Volatile Variable Rules: Writes to a volatile occur first (in chronological order) before reads to that volatile;
Thread Start Rule: of the Thread objectstart()Method occurs first for every action on this thread;
Thread Termination Rule: All operations on a thread occur before the thread terminates and can passThread.join()Method end,Thread.isAlive()The thread has terminated execution;
The Thread Interruption Rule: the threadinterrupt()Method is invoked when an event occurs when the interrupted thread’s code detects an interrupt.Thread.interrupted()Can detect whether there is an interruption;
Object Finilizer RuleThe completion of an object’s initialization (completion of constructor execution) occurs first of itsfinalize()The beginning;
Transitivity (Transitivity): If operation A precedes operation B and operation B precedes operation C, then A precedes operation C.

There is no relationship between the time sequence of different operations and the principle of antecedent, the two can not be inferred from each other, the measurement of concurrency safety can not be interfered by the time sequence, everything should be based on the principle of antecedent.

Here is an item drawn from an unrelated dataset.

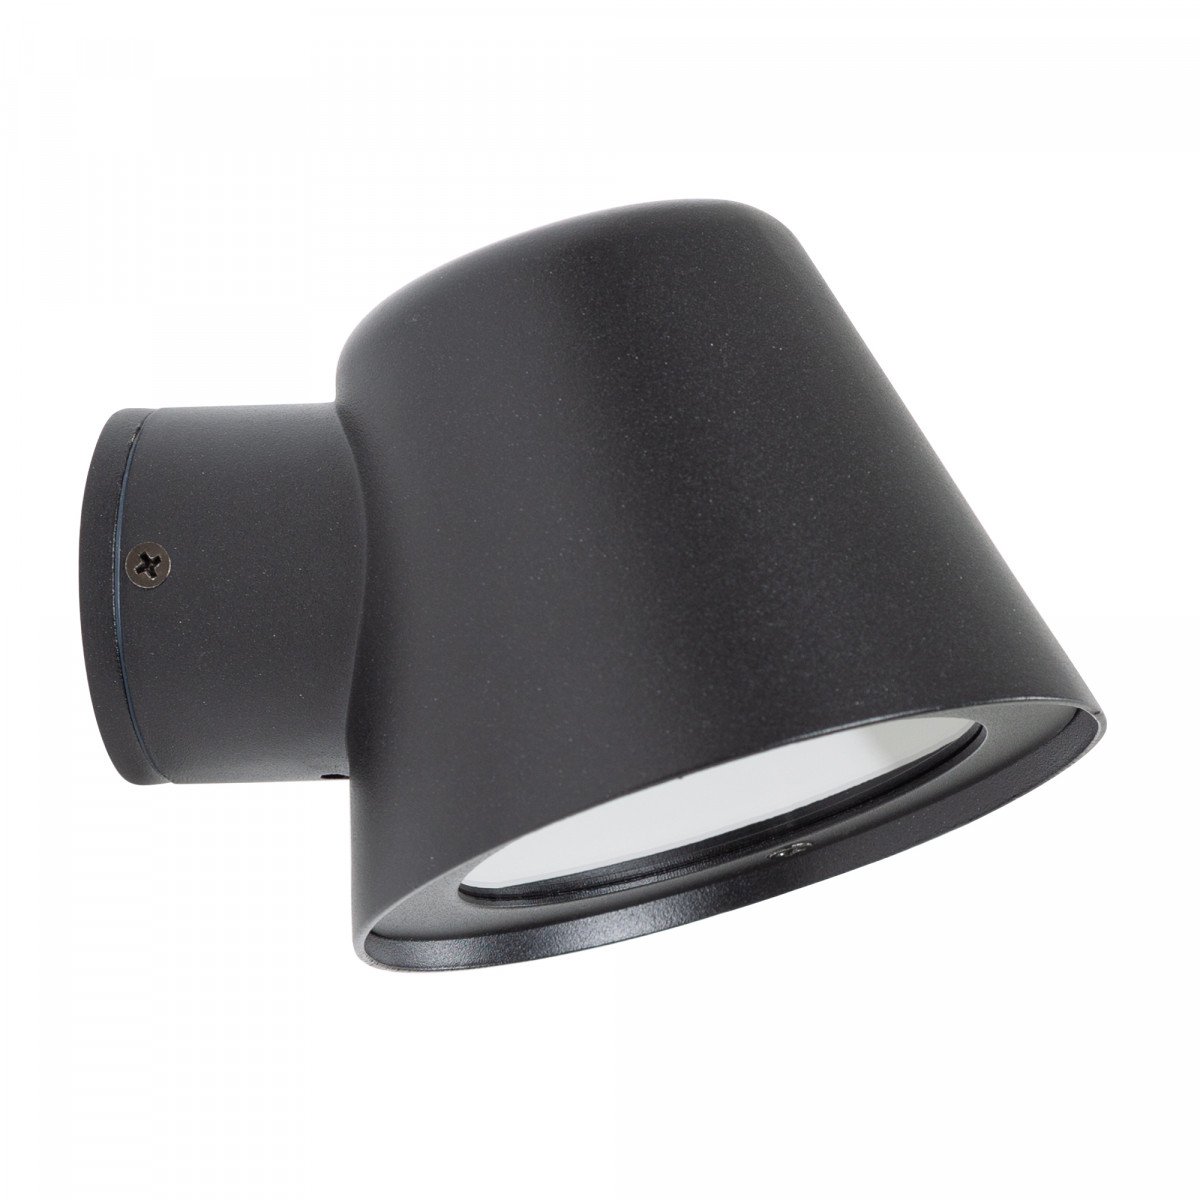 Muurspot Vita Cup matzwart, stoere stijlvol vormgegeven wandverlichting voor gefocust licht GU10 wandspot

If two operations access the same variable, and one of them is a write operation, the two operations have data dependence. There are three cases: 1. Read write; 2). 3). Write after read, the three operations are data dependent, reordering will have an impact on the final execution result. The compiler and processor adhere to data dependencies when reordering, and the compiler and processor do not change the order in which two operations are executed in a data dependency relationship.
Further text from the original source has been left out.